In the experiment, the proposed method can be evaluated by comparing its performance in the following six settings
1. fine tuning using (question text/answer, image, caption)
2 . fine tuning using (question text/answer, caption)
3. fine tuning using (question text/answer, image)
4 . applying RLHF to 1
5 . applying RLHF to 2
6 . applying RLHF to 3
Experiment
Tables 1 through 3 show the accuracy of each model with respect to the test data in settings 1 through 3 of the six experimental settings described in the previous section, where the RLHF is not applied.
Table 1 shows the results of fine tuning using only question text, answers, and images; the accuracy of the 7B, 13B, and 13B LoRA large models in LLaVA 1.5 is 53.3%, 52.7%, and 53.1%, respectively, with no significant differences.
Table 2 shows the results of fine tuning using question text and answers, images, and captions.
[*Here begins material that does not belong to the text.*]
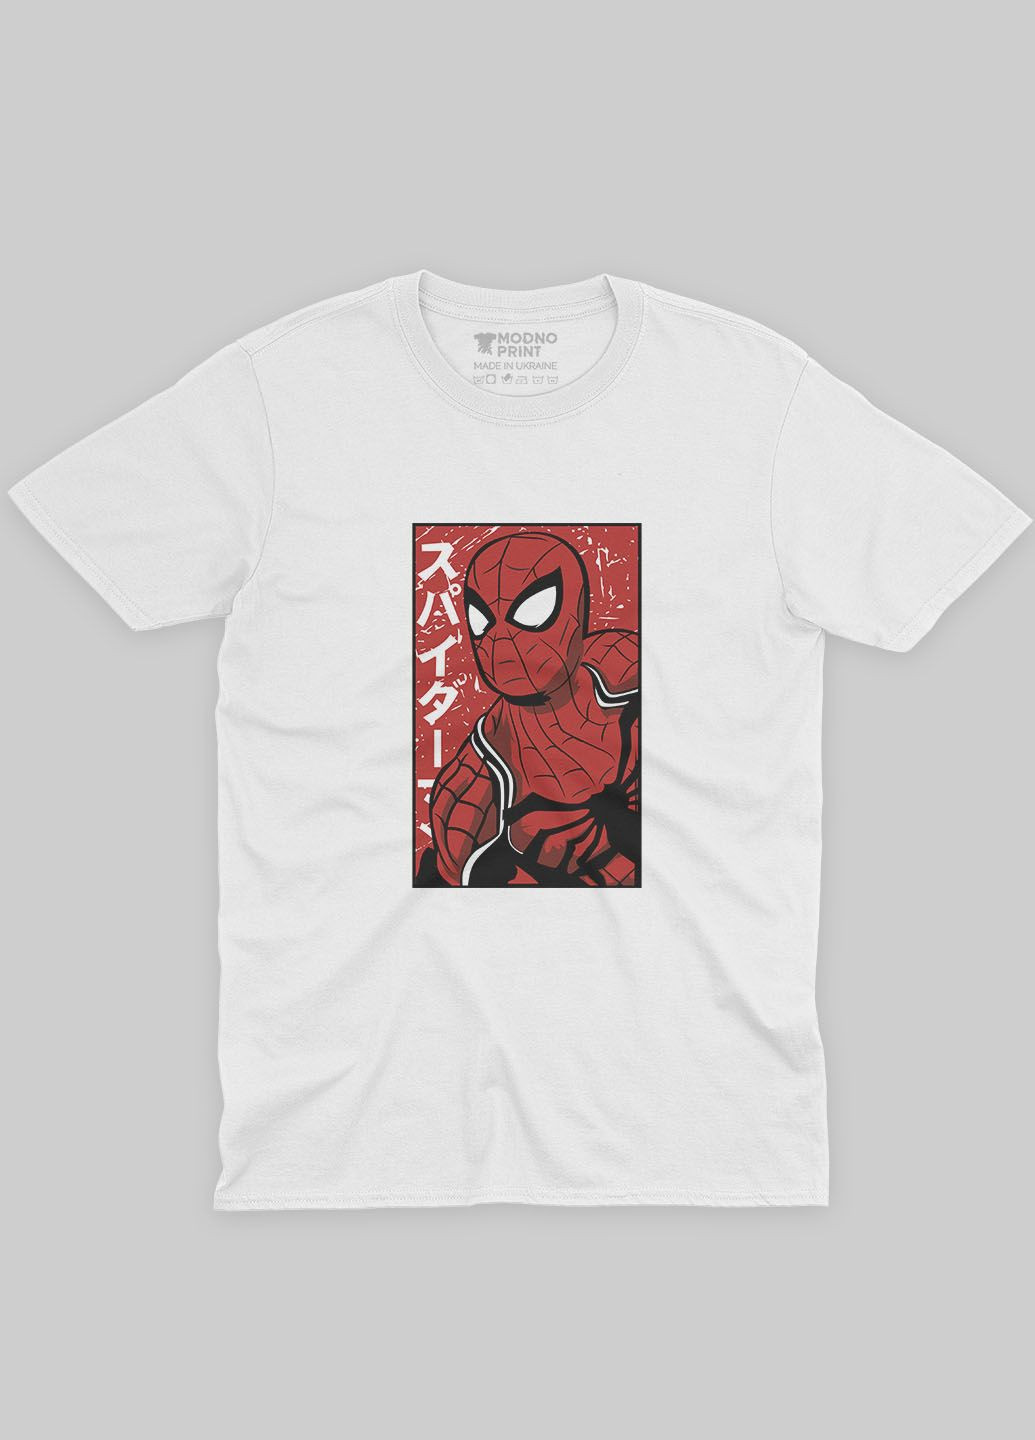 Мужская футболка с принтом супергероя - Человек-паук (TS001-1-WHI-006-014-044-F) Modno - (292120152)

Adding image captions significantly improves accuracy, with LLaVA 1.5 7B, 13B, and 13B LoRA large models achieving 82.52%, 83.28%, and 82.1% accuracy, respectively, indicating that image captions contribute to LLM performance improvement.
Table 3 shows the results of fine tuning using only question text, answers, and captions. Even without images, the use of captions improves accuracy: the 7B, 13B, and 13B LoRA large models in LLaVA 1.5 have accuracies of 66.95%, 64.0%, and 74.56%, respectively.
These results indicate that image captions play an important role in improving LLM performance. The addition of image captions may have improved problem-solving performance because they provide more contextual information to the LLM.
However, since the paper does not present results for settings 4 through 6 with the RLHF applied, we cannot discuss the effect of the RLHF; it is expected that the application of the RLHF will further improve the LLM's reasoning ability, but verification of this is a subject for future work.
In addition, since the MM-PhyQA dataset used in this study is specific to Indian high school level physics problems, the effectiveness of the proposed method for problems in other disciplines and difficulty levels requires further investigation.
Conclusion
In this study, two methods, image captioning and RLHF, were implemented on the MM-PhyQA dataset to develop an LLM chatbot specifically for multiple choice questions in Indian high school physics. Experimental results showed that adding image captions significantly improved LLM accuracy. On the other hand, the effectiveness of RLHF needs to be verified in the future.
In the future, various issues need to be addressed, including verification of the effectiveness of RLHF, its application to other fields, its use in actual educational settings, and ethical considerations. This study provides important insights into the application of LLHF to the field of education and is expected to contribute to the development of AI education research.